Когда выдавалось свободное воскресенье, если была хорошая погода, они все вместе отправлялись на рыбалку, а если с погодой не везло, играли в шахматы, домино или преферанс — смотря по тому, какое очередное увлечение владело ими. Афонин в те времена тоже частенько захаживал к ним, правда в преферанс он не играл, а только молча наблюдал за тонкостями этой игры. В 23.00 обычно появлялась Клава и уводила его домой. Но главная, настоящая их жизнь все же проходила не здесь, не в комнате общежития, — может быть, потому и были они так беспечны и даже безалаберны во всем, что касалось их домашнего существования, — главная их жизнь протекала возле с в о и х танков. Какое это было прекрасное чувство — знать, что эти огромные машины подчиняются тебе, что они знакомы тебе до последнего винтика, — даже самая тяжелая, грязная работа не казалась им тогда в тягость. И даже вернувшись уже домой, сбросив с себя пропахшие соляркой и бензином комбинезоны, едва отмыв горячей водой с мылом руки и лица, они все еще продолжали говорить о своих танках, спорили порой очень жестоко, до хрипоты, до ссоры, не щадя чужого самолюбия, об особенностях той или иной машины или сравнивали их с зарубежными моделями, со всеми этими «леопардами» и «шерманами»… Вообще техника — шла ли речь о танках или о мотоциклах, об устройстве радиолокатора или об автомобилях будущего — техника была постоянной темой их разговоров. Да, славное то было время…
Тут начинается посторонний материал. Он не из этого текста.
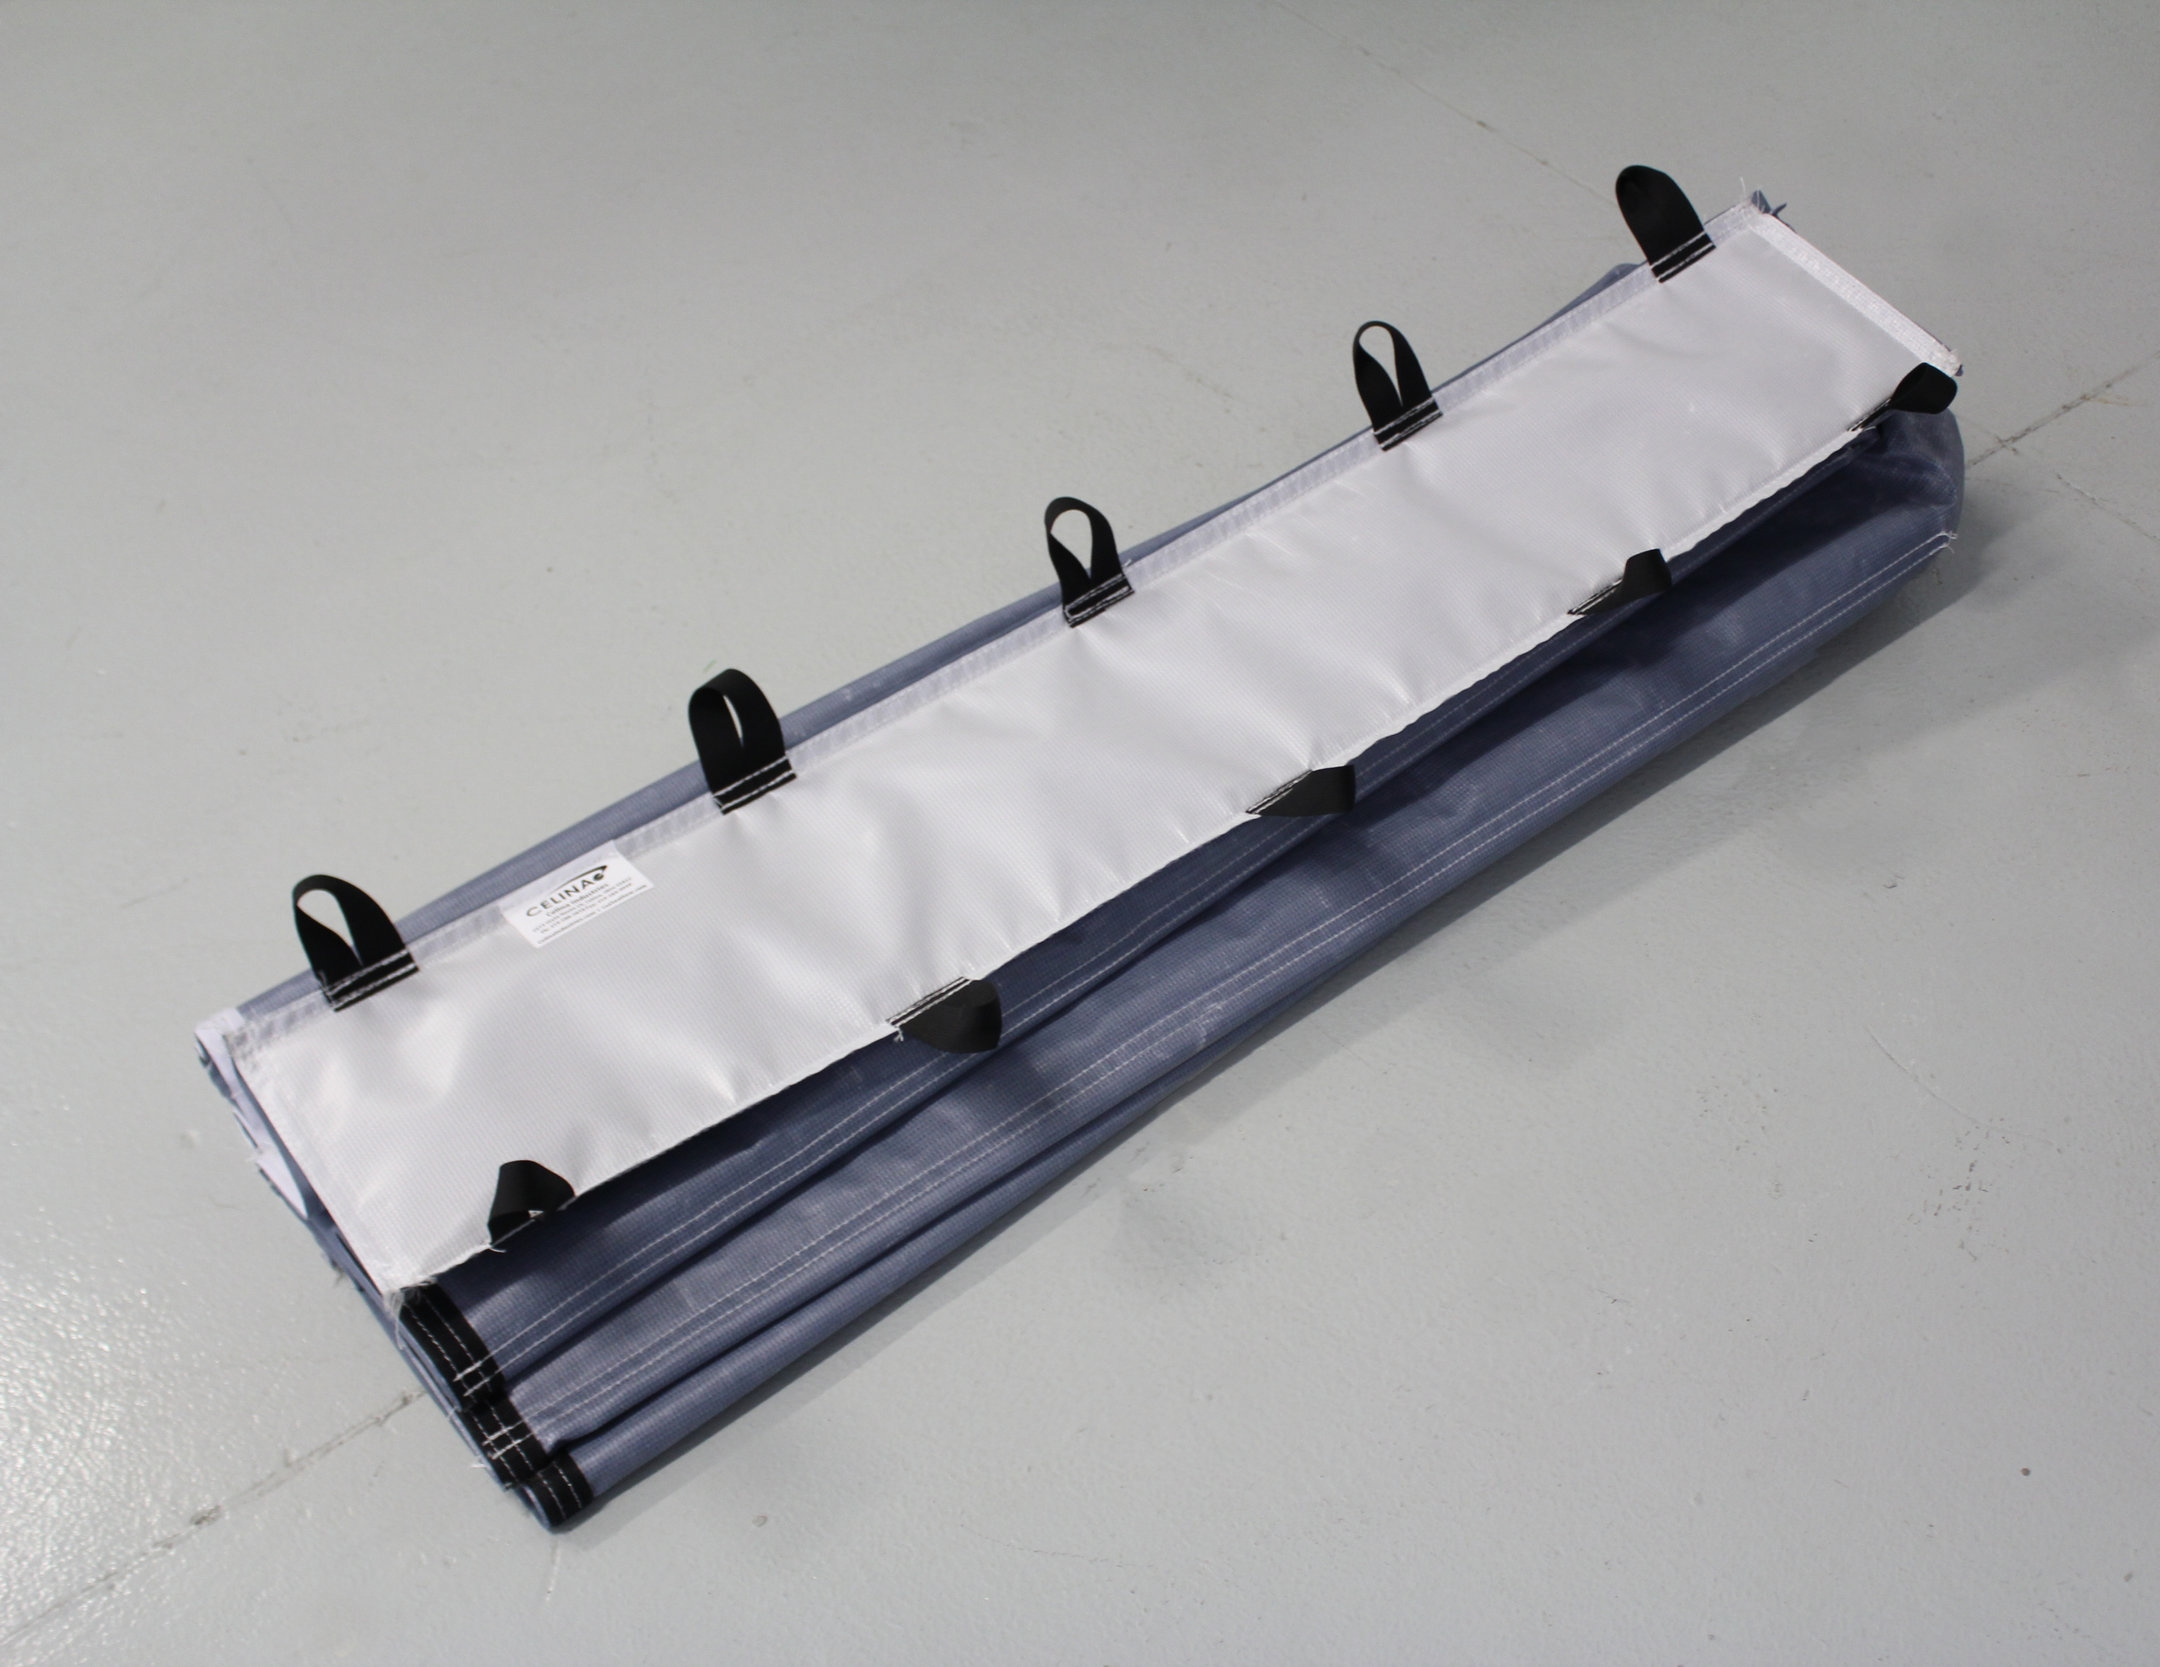 returnable-fabric-packaging-system-rack-095.JPG

— Ну, я слушаю, — сказал Трегубов.
— Что ж, если вы жили в этой комнате, вы не хуже меня знаете, какая там была жизнь… И возможно, кое-кого из тогдашних жильцов даже помните?
Ну конечно, как же он мог не помнить! По крайней мере двух своих соседей по комнате он помнил отлично. Как-никак, а рядом с ними он провел свой первый год службы — это не забывается. Один из них — лейтенант Белокуров — был чрезмерно увлекающийся, торопливый и безалаберный от своей вечной торопливости человек. Даже годы курсантской жизни не приучили его к порядку и аккуратности. Он считал, например, что тратить время на тщательную заправку койки — это бессмысленно и глупо, лучше лишние пять минут повертеться на турнике, и в результате его койка нередко оставалась незаправленной, придавая всей их комнате атмосферу временности и неустроенности. Готовясь к зачетам, он увлекался, натаскивал горы книг, читал то, что было вовсе не обязательно знать, зато не успевал добраться до тех страниц, которые были необходимы. Вещи его вечно валялись где попало. Раздеваясь, он швырял рубашку на один стул, брюки — на другой, перед сном непременно включал радио, но засыпал моментально — репродуктор напрасно гремел у него над ухом. Трегубов помнил, как однажды они всей комнатой решили проучить Белокурова. Вообще, чудили они тогда здорово, в их компании превыше всего ценился хороший розыгрыш, розыгрыш высокого класса, — пожалуй, только умение одержать верх в техническом споре ставилось выше. Как только Белокуров уснул, его соседи принялись за дело. И вот утром, когда Белокуров открыл глаза, он первым делом увидел свои брюки, аккуратно распятые на потолке. Они как бы парили над его койкой. Он ничего не понял. Как они могли очутиться там? Он закрыл глаза и открыл снова. Наверно, он думал, что ему спросонья мерещатся чудеса. Потом сел на кровати. И тут со всех сторон раздался хохот. Брюки были прибиты к потолку тонкими гвоздиками. «Ах, черти, — сказал Белокуров с восхищением, — что придумали!»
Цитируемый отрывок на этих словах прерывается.